Equivariant quantum models do not automatically gain adversarial robustness, as they can still depend on vulnerable rotation-invariant statistics such as ring-averaged intensities.

A machine-rendered reading of the paper's core claim, the machinery that carries it, and where it could break.

The paper examines how symmetry constraints in quantum machine learning models affect their resistance to adversarial attacks that transfer across models. It shows that while equivariance limits the model to using only invariant features, these features can include brittle ones that attacks can target. By identifying which specific statistics, like averages over rings in images, the model actually uses for decisions, the analysis reveals that suppressing the symmetry sector tied to those brittle features boosts robustness against classical transfer attacks. This matters because it provides a way to build more secure quantum models by deliberately choosing which invariant information to retain.

Core claim

Group-equivariant quantum models with an invariant readout base their predictions solely on the group-twirled version of the input. This isolates the symmetry-invariant information the model can access, split into distinct sectors. For rotationally equivariant models, these sectors correspond to different rotation-invariant image statistics. The work uses targeted input changes to find that models often rely on brittle statistics, especially ring-averaged intensities, which remain open to classical transfer attacks. Removing the symmetry sector linked to these weak points substantially improves the model's robustness.

What carries the argument

Targeted input transformations that isolate which rotation-invariant statistics in different symmetry sectors the model actually uses for classification.

If this is right

  • Equivariance restricts models to invariant features but does not prevent reliance on attackable ones.
  • Suppressing the symmetry sector for ring-averaged intensities enhances transfer robustness.
  • Future quantum models can use symmetry-dependent feature selection to improve security.
  • Classical attacks can still succeed by targeting specific invariant components even in equivariant quantum setups.

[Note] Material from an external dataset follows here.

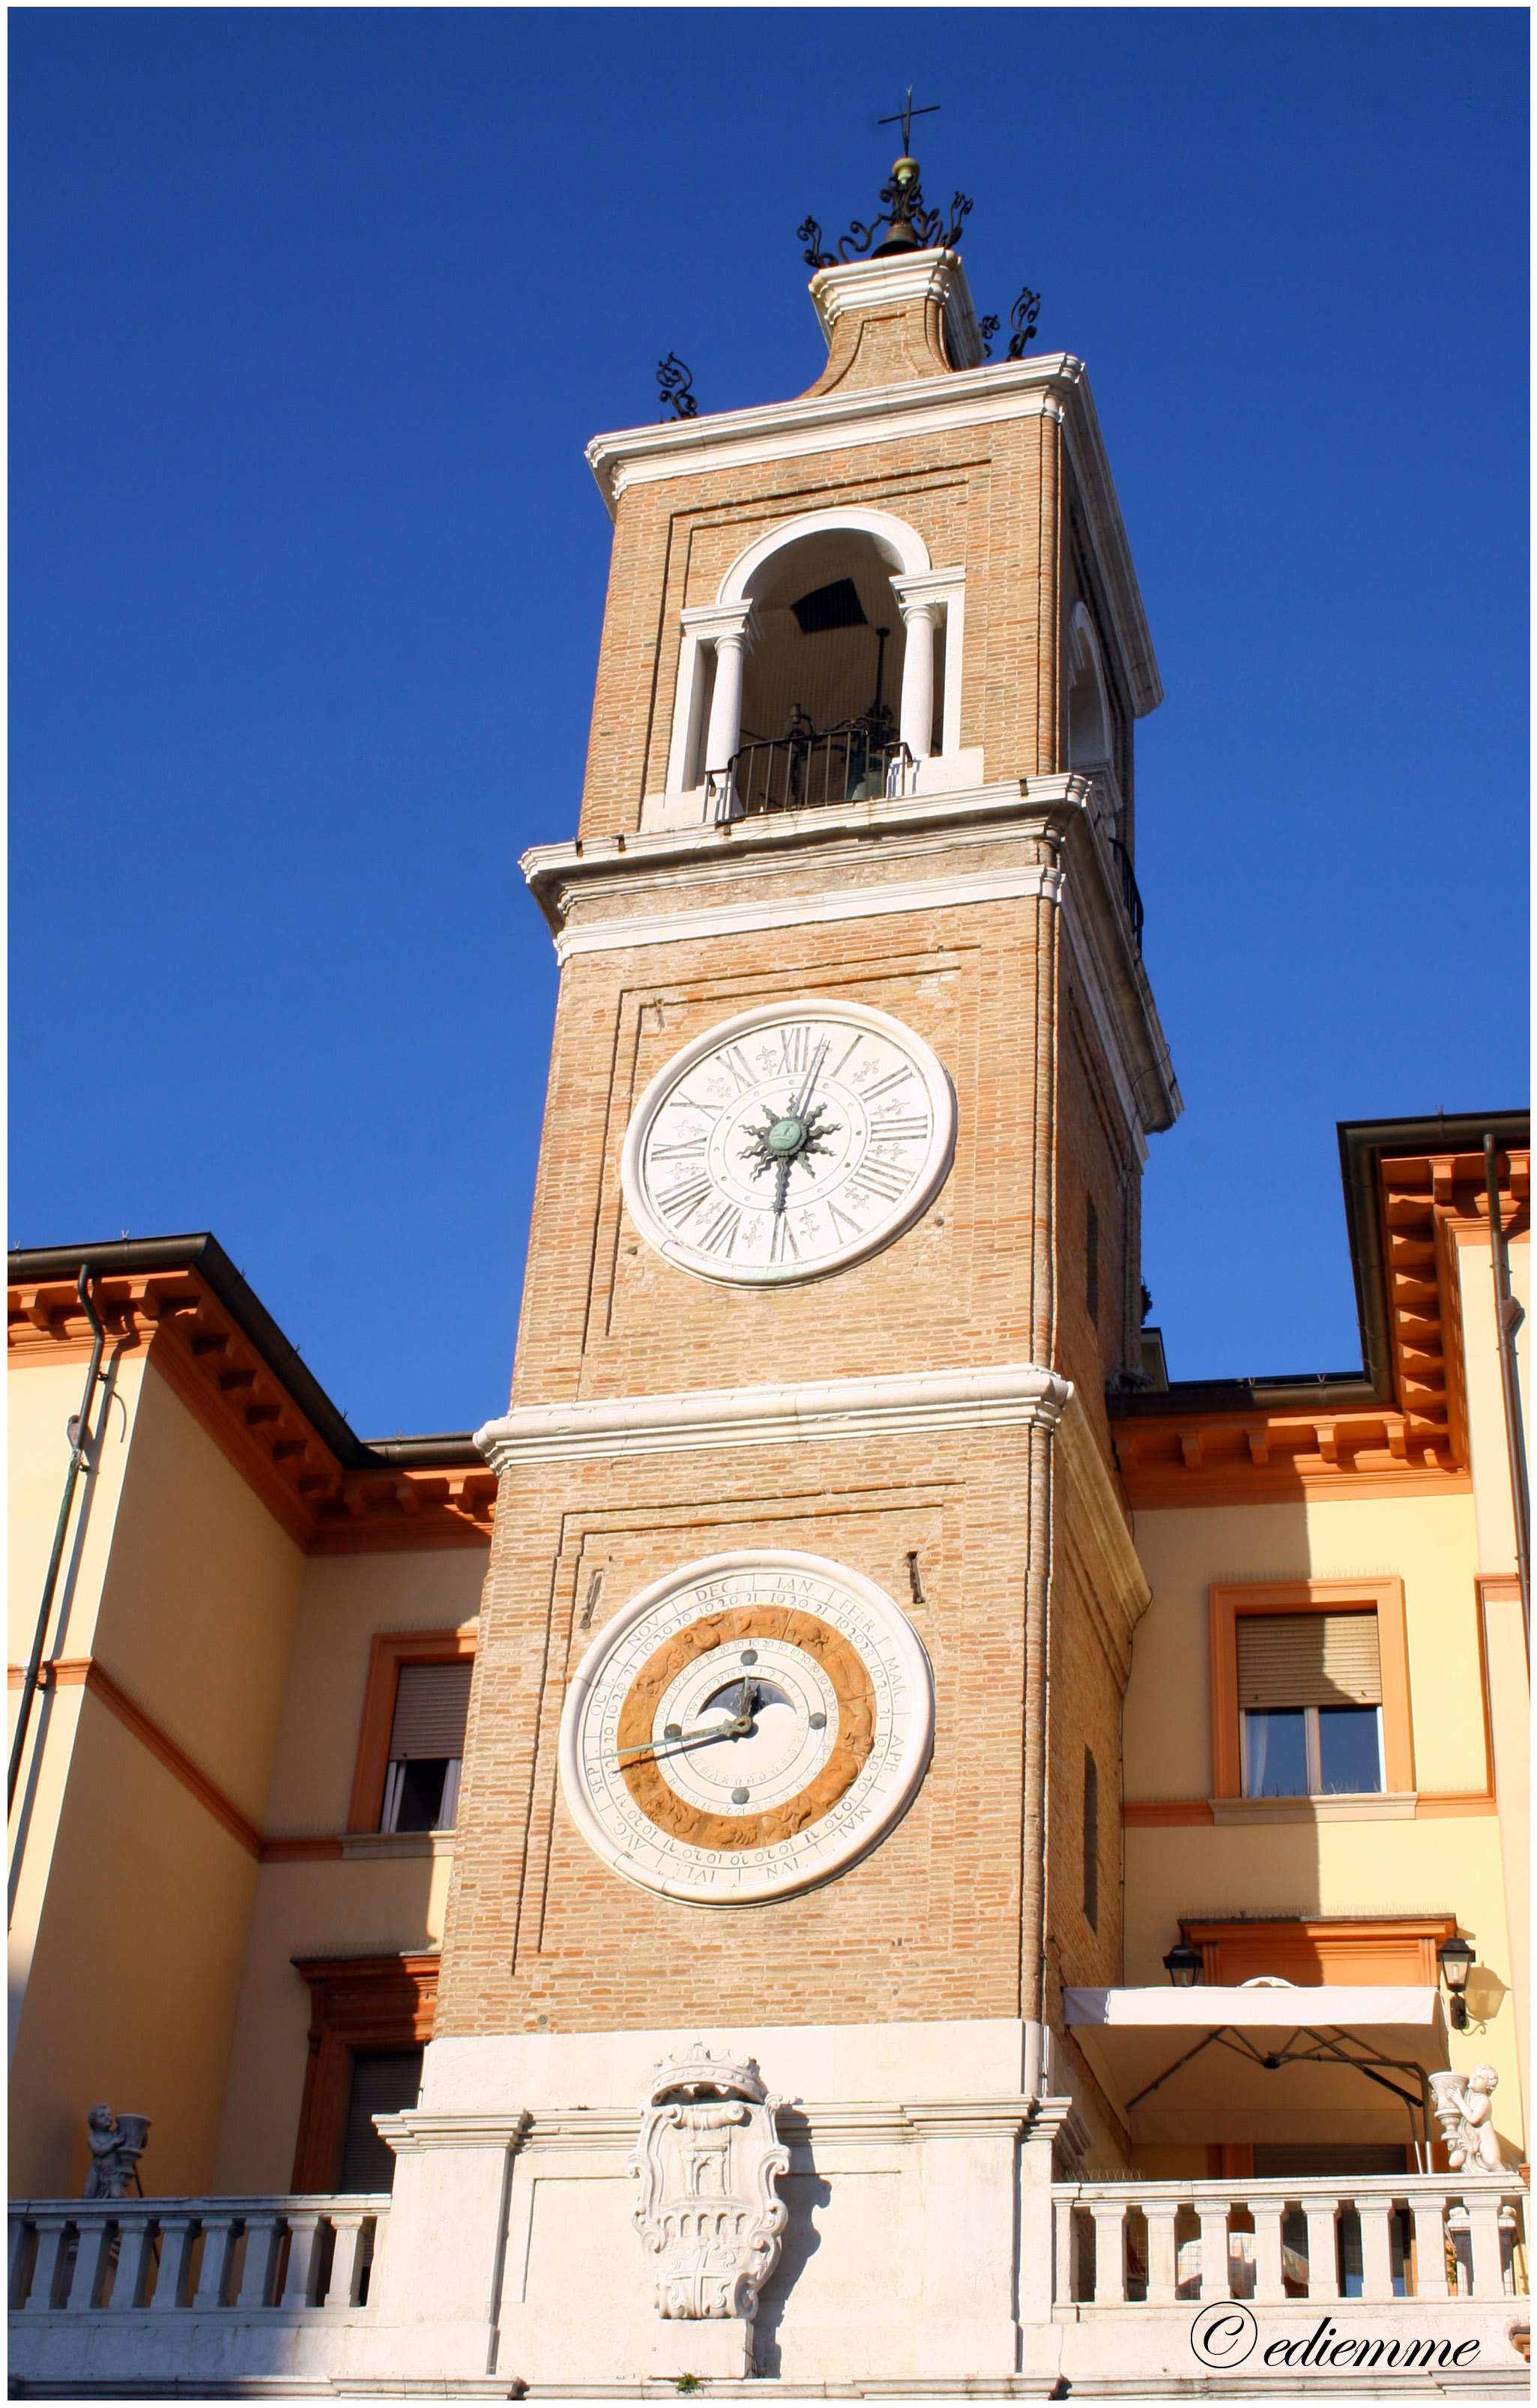 photo: https://upload.wikimedia.org/wikipedia/commons/c/c8/Torre_dell%27Orologio_-_Rimini.jpg

Where Pith is reading between the lines

These are editorial extensions of the paper, not claims the author makes directly.

  • This approach could be extended to other group symmetries beyond rotations to identify vulnerable features in different quantum models.
  • Designers of equivariant models might systematically test and prune sectors based on their brittleness to attacks.
  • Similar feature-level analysis might reveal why some classical equivariant models also fail at robustness despite symmetry constraints.

Load-bearing premise

Targeted input transformations can precisely identify the exact invariant statistics that the model depends on for its classifications.

What would settle it

If a rotationally equivariant model maintains high accuracy even after input transformations that alter ring-averaged intensities while preserving other invariants, or if suppressing the associated sector fails to improve robustness against transfer attacks.

Figures

Figures reproduced from arXiv: 2604.15552 by Martin Sevior, Maureen Krumt\"unger, Muhammad Usman.

Figure 1
Figure 1. Figure 1: FIG. 1. Illustration of the encoding scheme for a representative sam [PITH_FULL_IMAGE:figures/full_fig_p002_1.png] view at source ↗
Figure 2
Figure 2. Figure 2: FIG. 2. Illustration of circular correlations using a single sample [PITH_FULL_IMAGE:figures/full_fig_p004_2.png] view at source ↗
Figure 3
Figure 3. Figure 3: FIG. 3. Representative examples from the datasets considered [PITH_FULL_IMAGE:figures/full_fig_p005_3.png] view at source ↗
Figure 4
Figure 4. Figure 4: FIG. 4. Test accuracy of the rotationally equivariant quantum model under transfer attacks across the STM, MNIST, RotMNIST, RotFMNIST, [PITH_FULL_IMAGE:figures/full_fig_p007_4.png] view at source ↗
Figure 5
Figure 5. Figure 5: FIG. 5. Test accuracy of the rotationally equivariant quantum model under adversarial training (Adv) and the architectural intervention (M0) [PITH_FULL_IMAGE:figures/full_fig_p008_5.png] view at source ↗
Figure 6
Figure 6. Figure 6: FIG. 6. Architecture of the rotationally equivariant quantum model, adapted from Ref. [ [PITH_FULL_IMAGE:figures/full_fig_p011_6.png] view at source ↗
Figure 7
Figure 7. Figure 7: FIG. 7. A private image [PITH_FULL_IMAGE:figures/full_fig_p016_7.png] view at source ↗
Figure 8
Figure 8. Figure 8: FIG. 8. Transfer-attack test accuracy of the rotationally equivariant quantum model across the STM, MNIST, RotMNIST, RotFMNIST, and [PITH_FULL_IMAGE:figures/full_fig_p018_8.png] view at source ↗
Figure 9
Figure 9. Figure 9: FIG. 9. Transfer-attack test accuracy of the rotationally equivariant quantum model across the STM, MNIST, RotMNIST, RotFMNIST, and [PITH_FULL_IMAGE:figures/full_fig_p019_9.png] view at source ↗
read the original abstract

Group-equivariant quantum models are designed to exploit symmetry and can improve trainability, but it remains unclear how symmetry constraints shape their adversarial robustness. We study this question through a feature-level analysis of equivariant quantum models in a transfer-attack setting. Under equivariance with an invariant readout, predictions depend only on the group-twirled input, which identifies the symmetry-invariant information accessible to the model together with a complementary uninformative subspace. Specializing this framework to a rotationally equivariant quantum model, we derive an explicit characterization of the accessible information in terms of rotation-invariant image statistics distributed across distinct symmetry sectors. Using targeted input transformations, we determine which of these statistics are actually relied upon for classification across several datasets. We find that equivariance alone does not guarantee transfer robustness: even within the restricted invariant feature space, the model can rely on brittle statistics, particularly ring-averaged intensities in the rotationally equivariant model, that remain vulnerable to classical transfer attacks. Guided by this analysis, we show that suppressing the symmetry sector associated with the brittle feature substantially improves robustness. These results establish a systematic mechanism to exploit symmetry-dependent features for adversarial robustness in future quantum machine learning models.

Editorial analysis

A structured set of objections, weighed in public.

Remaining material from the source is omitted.